• _PROVIDED DATA_
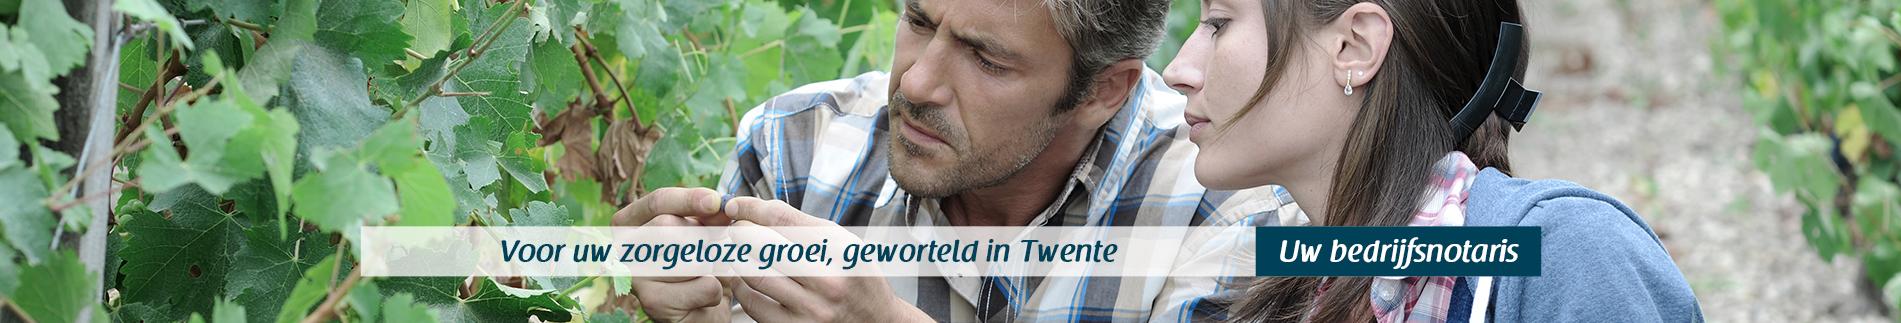 notaris-vriezenveen-agrarisch-bedrijfsnotaris
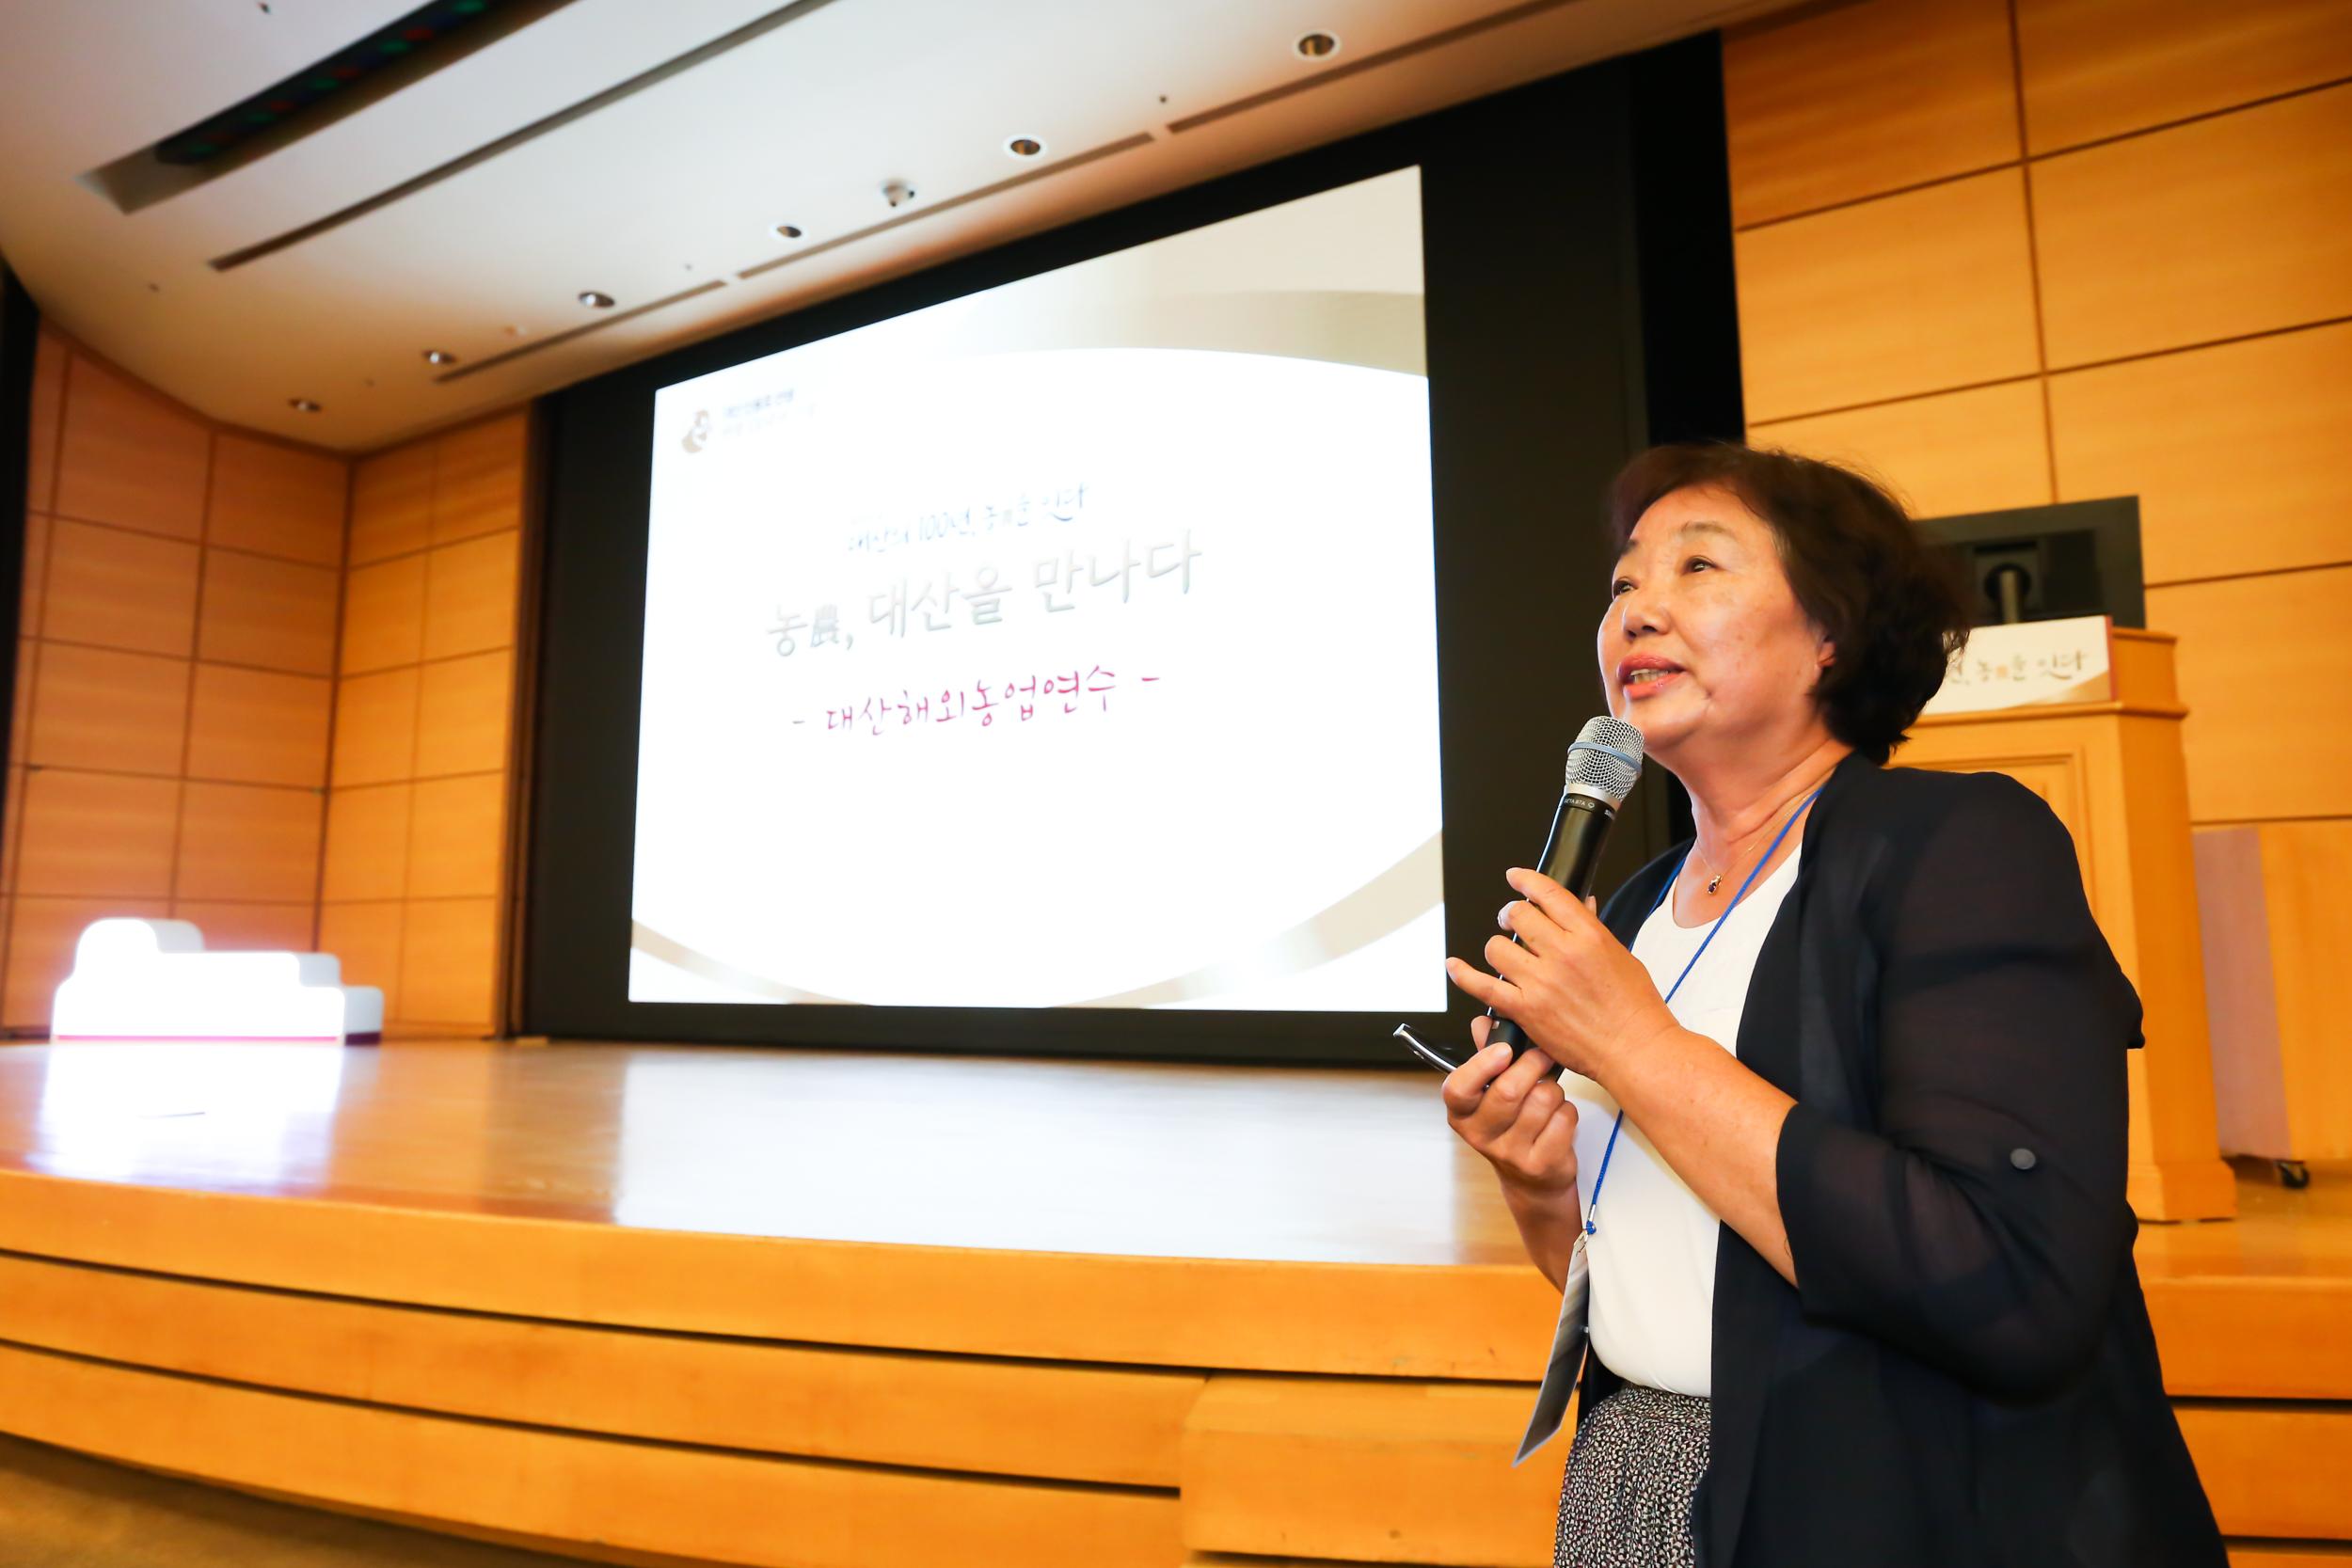 유가공‧목장체험 철탑산업훈장을 수훈한 조옥향 은아목장 대표는 한국의 낙농 정책을 바꾸고 유럽형 체험목장을 일궈온 사례를 나눴다.
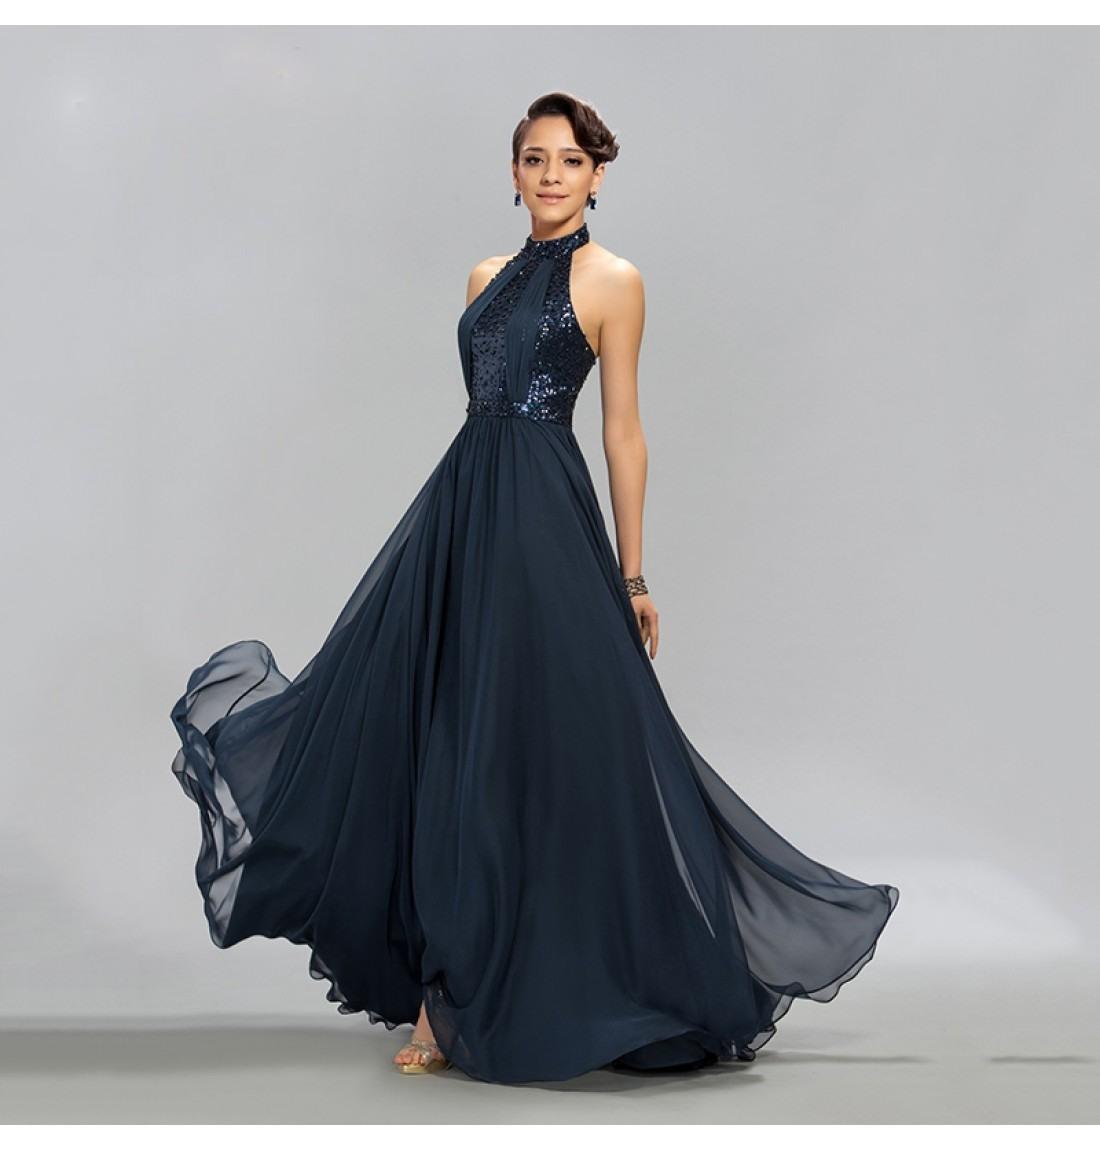 10 Genial Neckholder Abendkleid für 201917 Top Neckholder Abendkleid für 2019
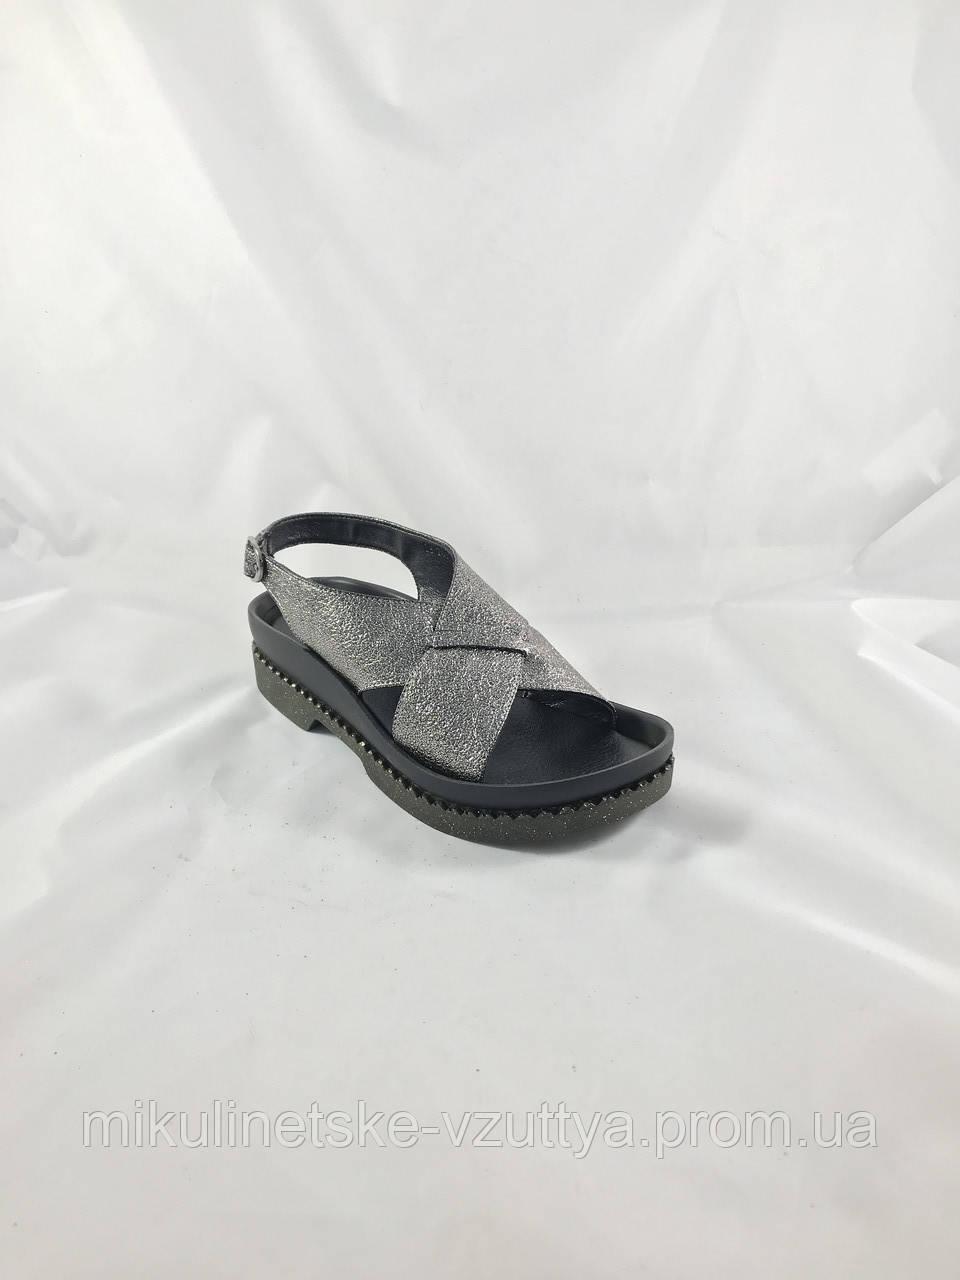 01fedf666b510e Босоніжки жіночі D&V 2703 на ремінці, без каблука - Микулинецьке взуття

• _TASK REQUIREMENTS_
Take the line that holds "10 Genial Neckholder" as the start and the last line of the data as the end. Copy only those lines exactly, both ends included, except the pictures.

• _FINAL ANSWER_
 10 Genial Neckholder Abendkleid für 201917 Top Neckholder Abendkleid für 2019
 01fedf666b510e Босоніжки жіночі D&V 2703 на ремінці, без каблука - Микулинецьке взуття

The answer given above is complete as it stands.